An inherent challenge to polymeric database creation stems from the fact that a synthetic polymer is rarely a single entity. Unlike small molecules or proteins, even individual polymer samples are generally described by distributions. In the simplest case, a sample synthesized from a single achiral monomer has only one distribution, the molecular mass distribution. However, the number of relevant distributions can rapidly become intractable when chiral monomers, multiple monomers, or chain branching are considered. For now, both the molecular weight and the dispersity should be captured in databases. In the future and as polymer synthesis continues to advance, additional data such as the degree of branching or even the raw output of characterization techniques could be reported in a standardized form.

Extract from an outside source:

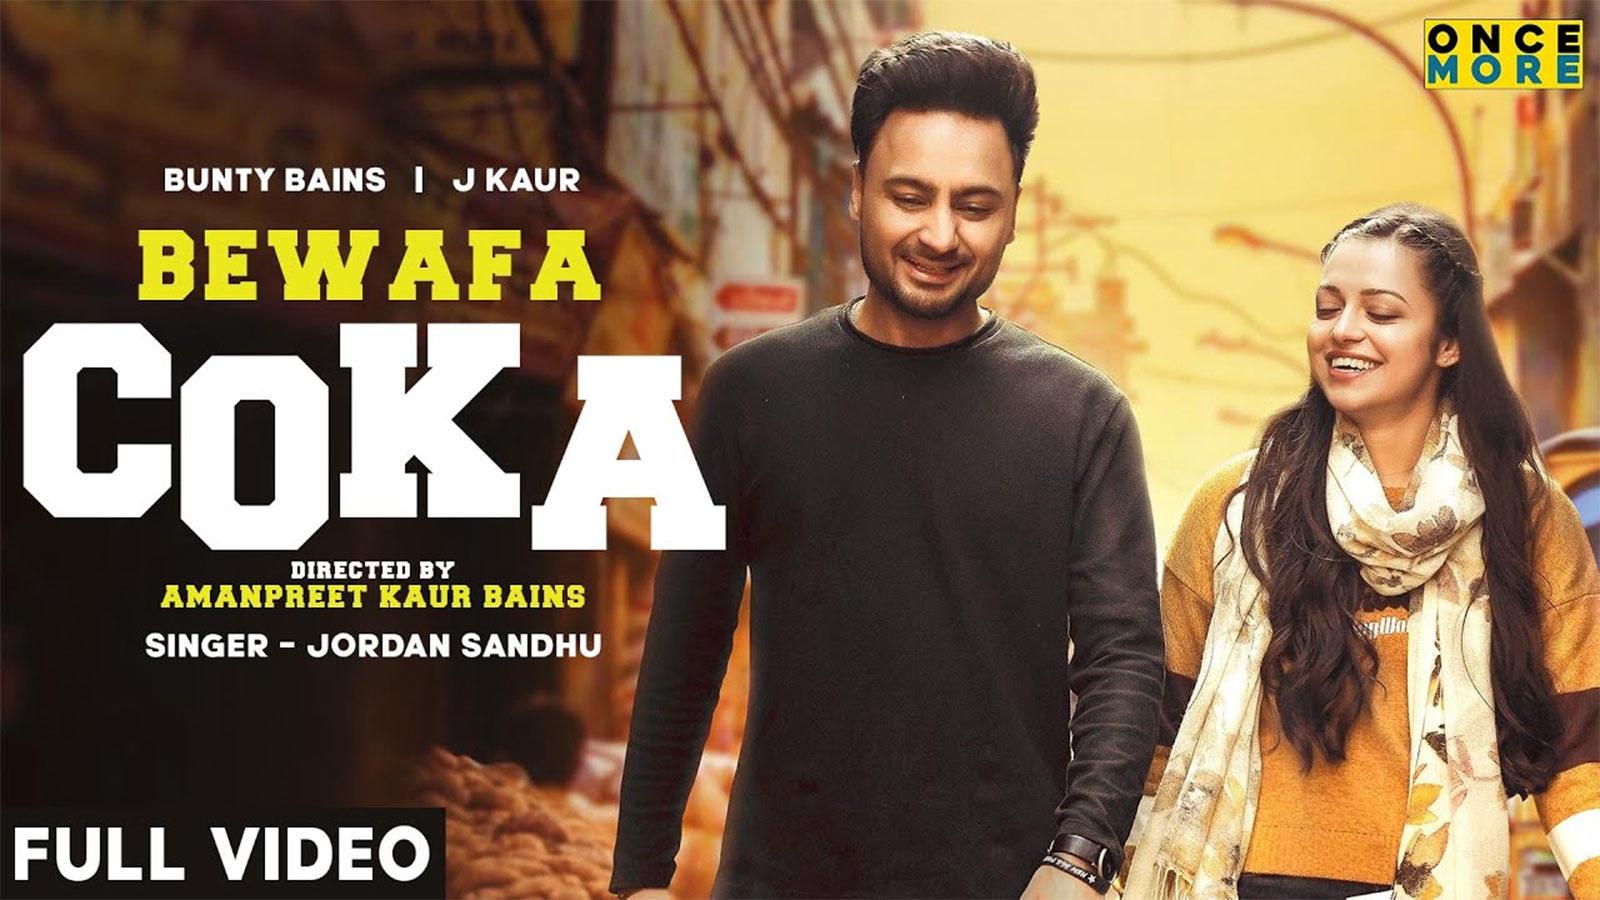 Watch New 2020 Punjabi Song 'Bewafa Coka' Sung By Jordan Sandhu | Punjabi  Video Songs - Times of India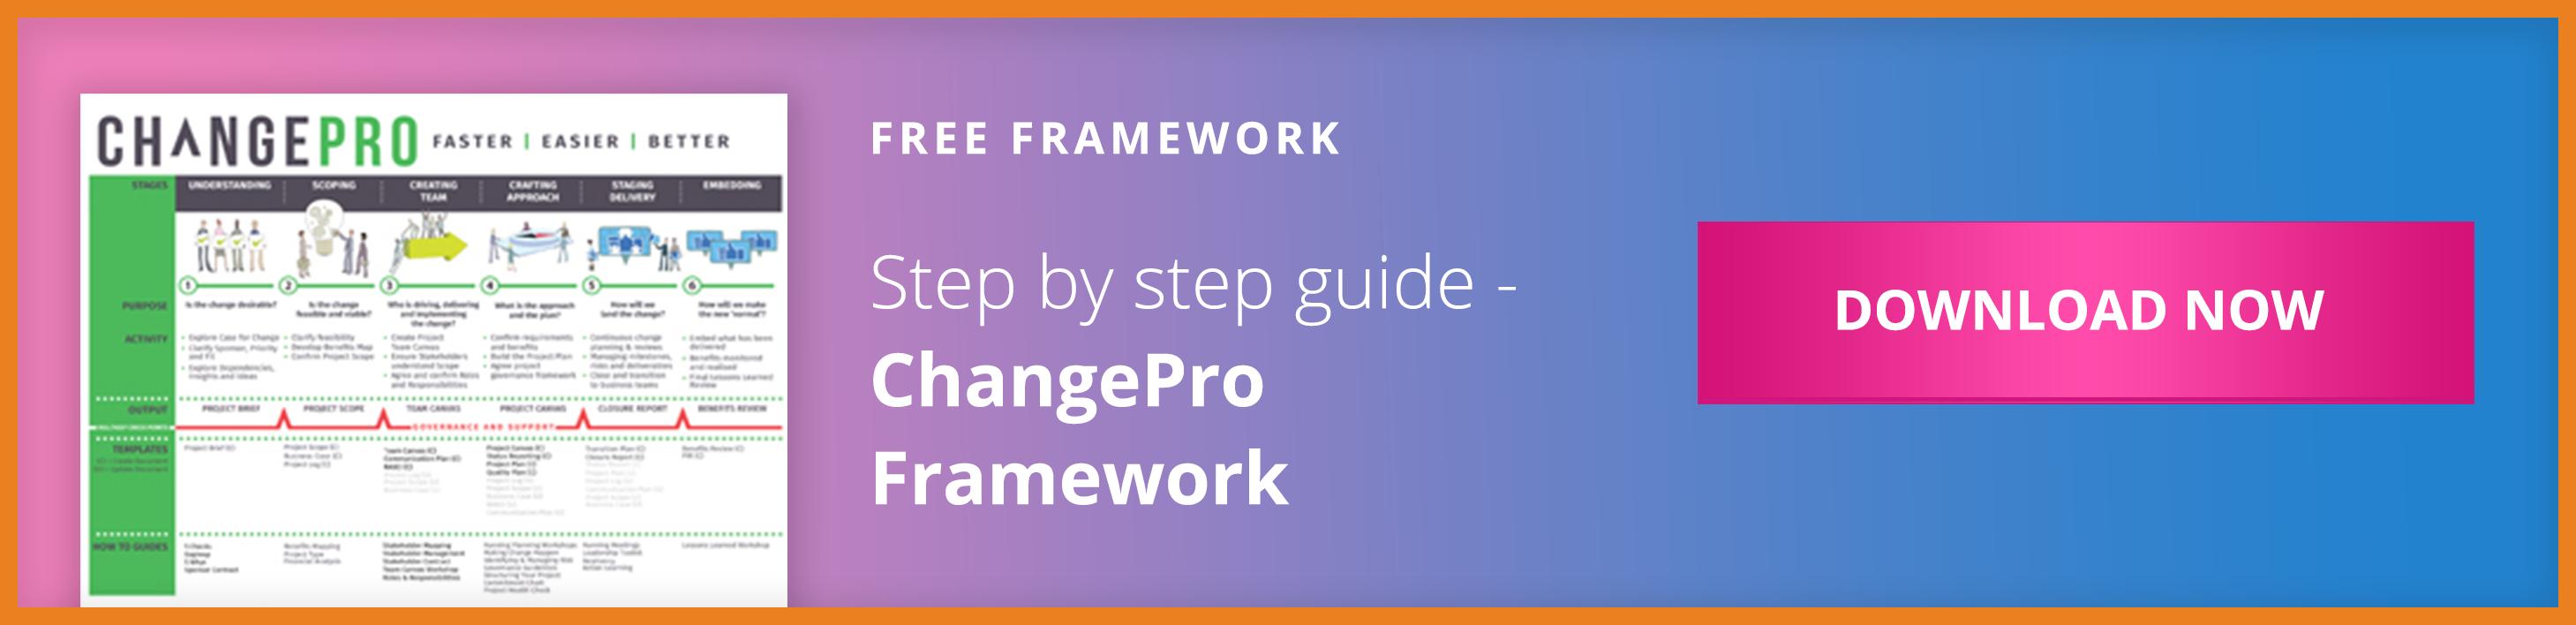 ChangePro Framework CTA

The need to describe these distributions, combined with often complicated monomeric structures and sequences leads to nonstandard naming conventions. The use of commercial trade names further complicates matters. For example, polystyrene can be described by at least 1,800 different names.38 Even International Union of Pure and Applied Chemistry (IUPAC) naming conventions and Chemical Abstracts Service Registry Numbers, or simply, CAS numbers, both of which identify polymers based on their monomeric structure, have shortcomings—this helps explain why PolyInfo,28 the largest online polymers database, created its own numbering system. The problem of nomenclature is exacerbated in sequenced defined polymers. The viewpoint by J.-F. Lutz39 and the ensuing discussion40 in this journal serve to emphasize this point. One potential, partial solution, is provided by the IUPAC international chemical identifier (InChI).41 This system is derived from chemical structures (unlike CAS numbers), and is relatively compact (unlike some IUPAC names). For these reasons, it is already used in databases such as PubChem, which reports the biological activity of small molecules.42 However, InChI only recently added experimental support for linear polymers, and does not support branched polymers. For now, it should be used whenever possible, and efforts should be made to convince the InChI trust to continue development for more complicated polymeric structures (branched, organometallic, Markush) in the future.
In addition to the list of components that make up a sample, a database also requires description of the property of interest. Such properties can be further categorized into well-defined groups such as thermodynamic, mechanical, transport, electromagnetic, optical. While properties may initially be thought of as well-defined entities, this can often not be true. Properties can be split up into three distinct categories: fundamental, application, and phenomenological. In the first case, no additional information needs to be specified about the property itself, for example, density, viscosity, and heat capacity. In the second case, the method of measurement must be specified, but a well-defined framework for performing and interpreting the measurement exists, for example the ASTM standard for determination of tensile elongation. In the last case, even an exact physical meaning is lacking. Perhaps the most notable example is the effective Flory-Huggins χ parameter. This simple, single parameter has been used to map out complicated phase diagrams of homopolymers and copolymers with considerable success.43,44 Yet, due to its phenomenological nature, its value depends on choice of system, measurement method and analysis. For example, choosing to report a mean-field or fluctuation corrected χ can significantly alter its value45 and issues associated with its applicability still remain.46 For these cases, additional research is warranted.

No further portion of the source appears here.